### Task item
Scan the records beneath this line for the line holding "Mature Artist Painting" and the line holding "n_05 1960 Buick", then transcribe exactly those two and all lines between.

### Dataset records
^^^^^^^^^^^^^^^^
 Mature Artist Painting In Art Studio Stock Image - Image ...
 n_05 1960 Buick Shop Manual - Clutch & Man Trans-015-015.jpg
^^^^^^^^^^^^^^^^
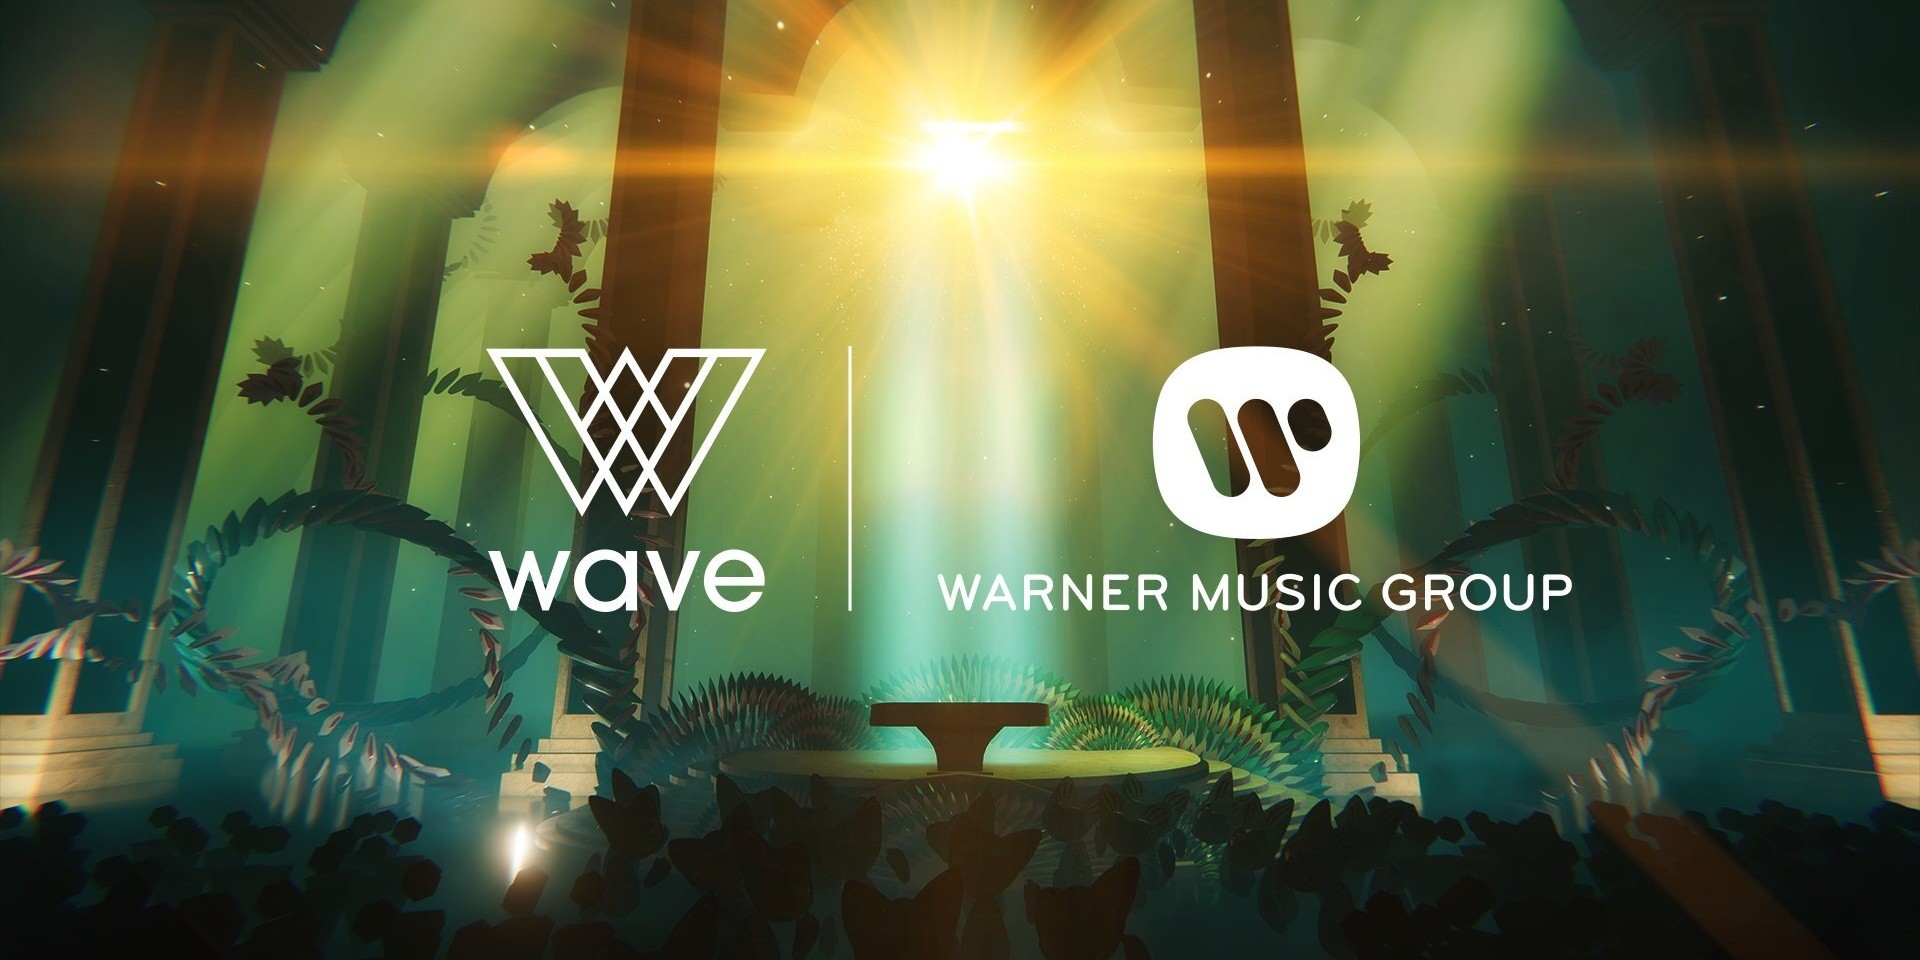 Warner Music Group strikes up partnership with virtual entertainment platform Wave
^^^^^^^^^^^^^^^^
### Response
 Mature Artist Painting In Art Studio Stock Image - Image ...
 n_05 1960 Buick Shop Manual - Clutch & Man Trans-015-015.jpg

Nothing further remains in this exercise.